Ялтинская весна того далекого года была ясной в белом сиянии солнца днем, в переливающемся блеске холодных звезд ночью.
Пышно и стойко цвел миндаль. Дом творчества писателей, стоявший на горе, был окружен миндальной рощей. Выше громоздились многоярусные горы, а еще выше вздымался торжественный и чистый, точно отвердевший, купол неба. Оттуда, с высот, по вечерам стекал сухой колкий холод и держался почти до полудня. Роща не порошила бело-розовой вьюгой лепестков, как северные сады. Без единого зеленого листка она, казалось, навечно оцепенела в своем цветении под дыханием хрустального холода и небес.
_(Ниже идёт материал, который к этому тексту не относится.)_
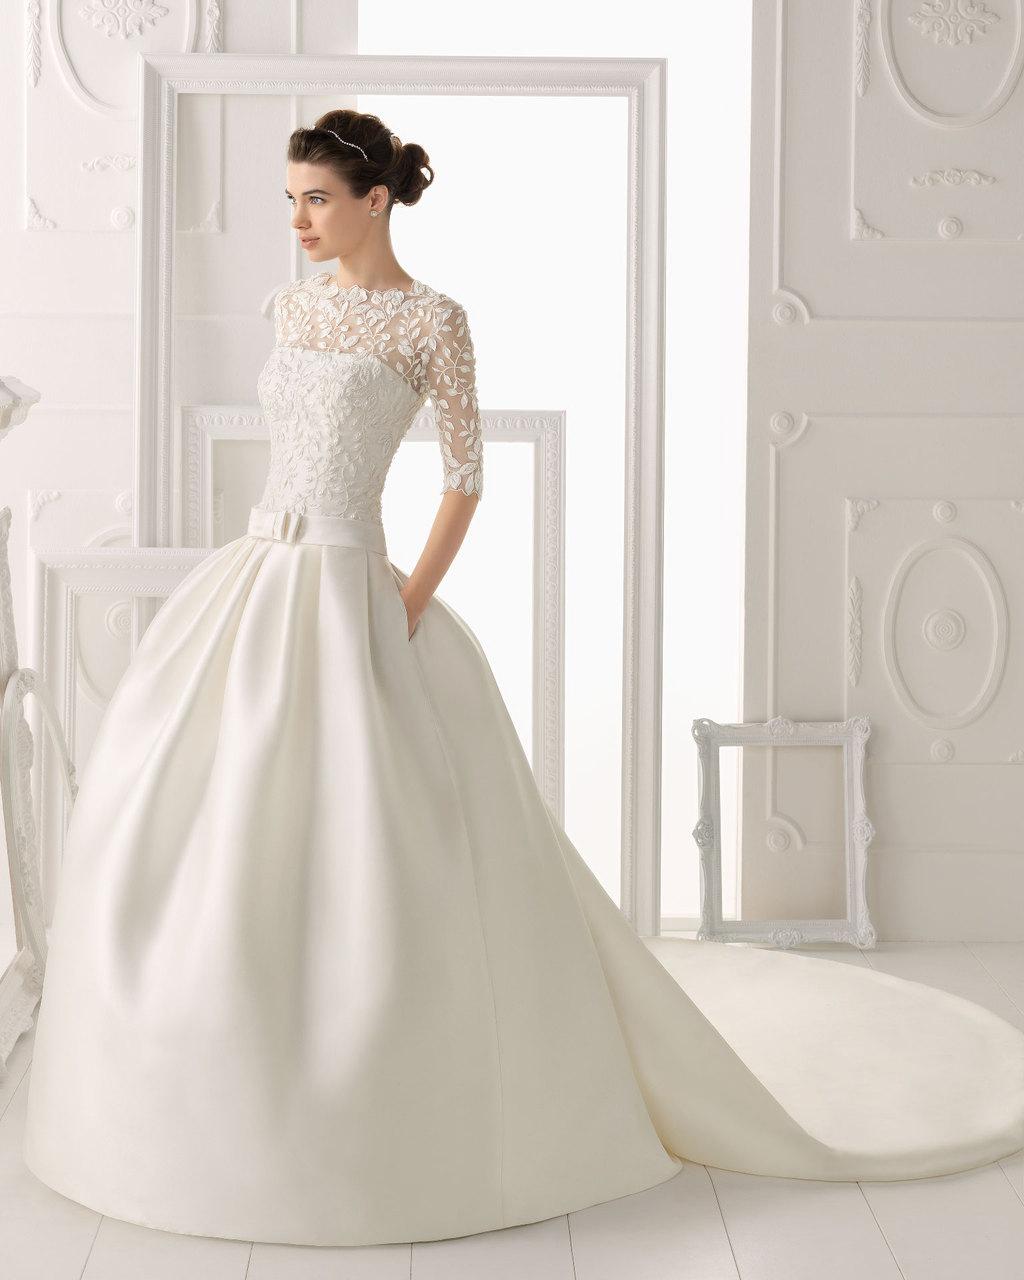 Aire-barcelona-wedding-dress-2014-bridal-orozco.full
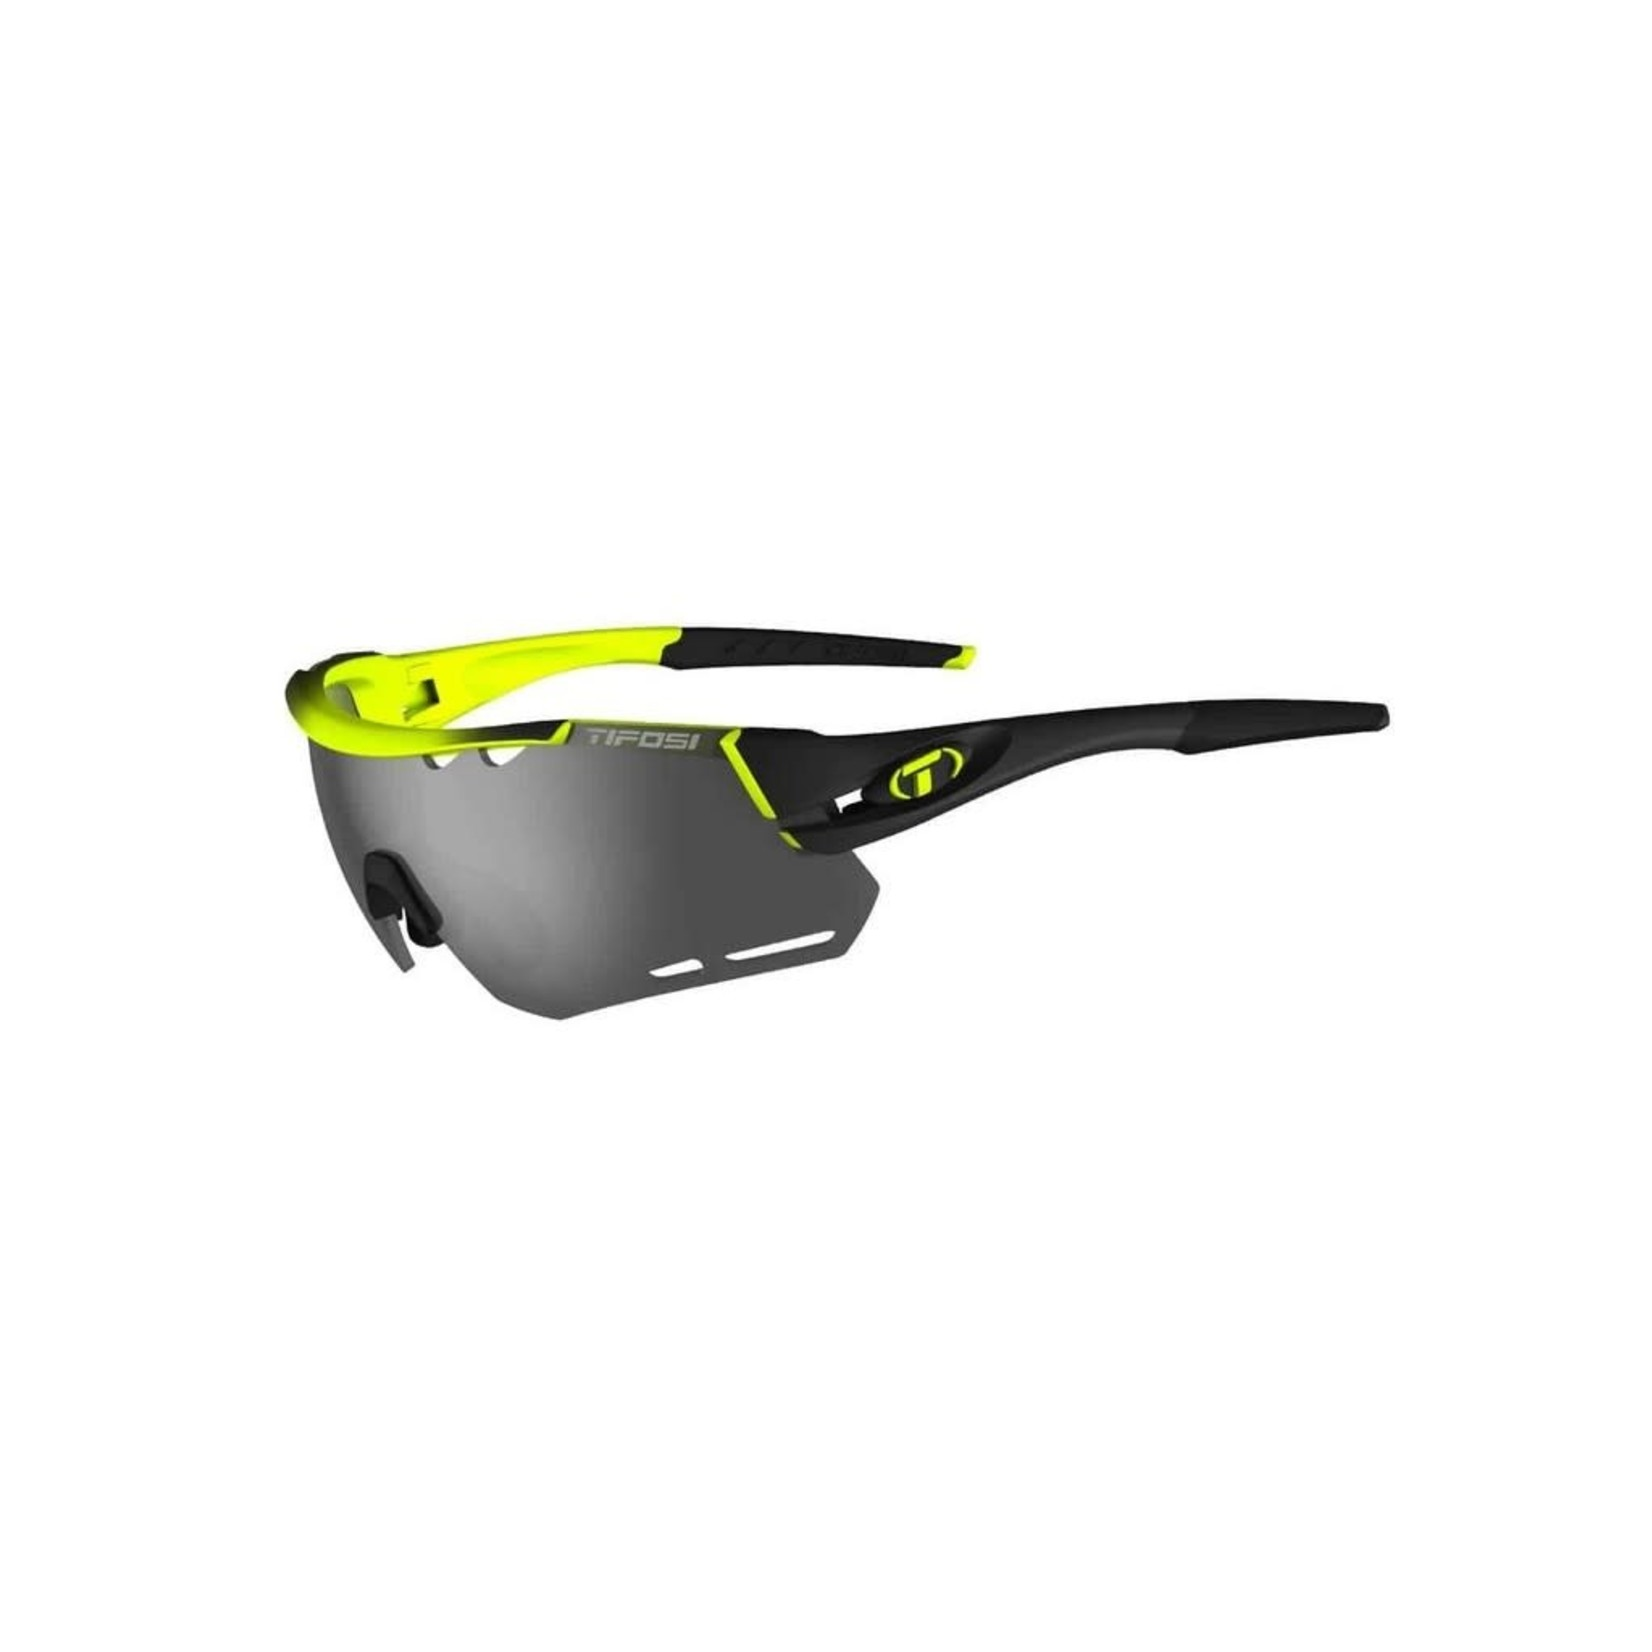 TIFOSI OPTICS Sunglasses Tifosi Alliant Race Neon

Море было видно только из окон третьего этажа нашего дома. Алексей Фатьянов и я жили на втором этаже — в комнатах через стенку. К морю мы спускались по извилистой асфальтовой дороге и часами гуляли вдоль гранитных парапетов набережной, бросали чайкам куски черствой булки, подкарауливали рыбаков, чтобы купить у них из-под полы свежей ставриды, заходили в дегустационный погребок, где за пятнадцать рублей можно было попробовать шесть сортов отличных массандровских вин. Впрочем, обстановка в погребке нам не понравилась. Стулья-бочки слишком уж отдавали бутафорией, а наставления лектора-дегустатора, сопровождавшие каждый глоток, превращали наслаждение в повинность.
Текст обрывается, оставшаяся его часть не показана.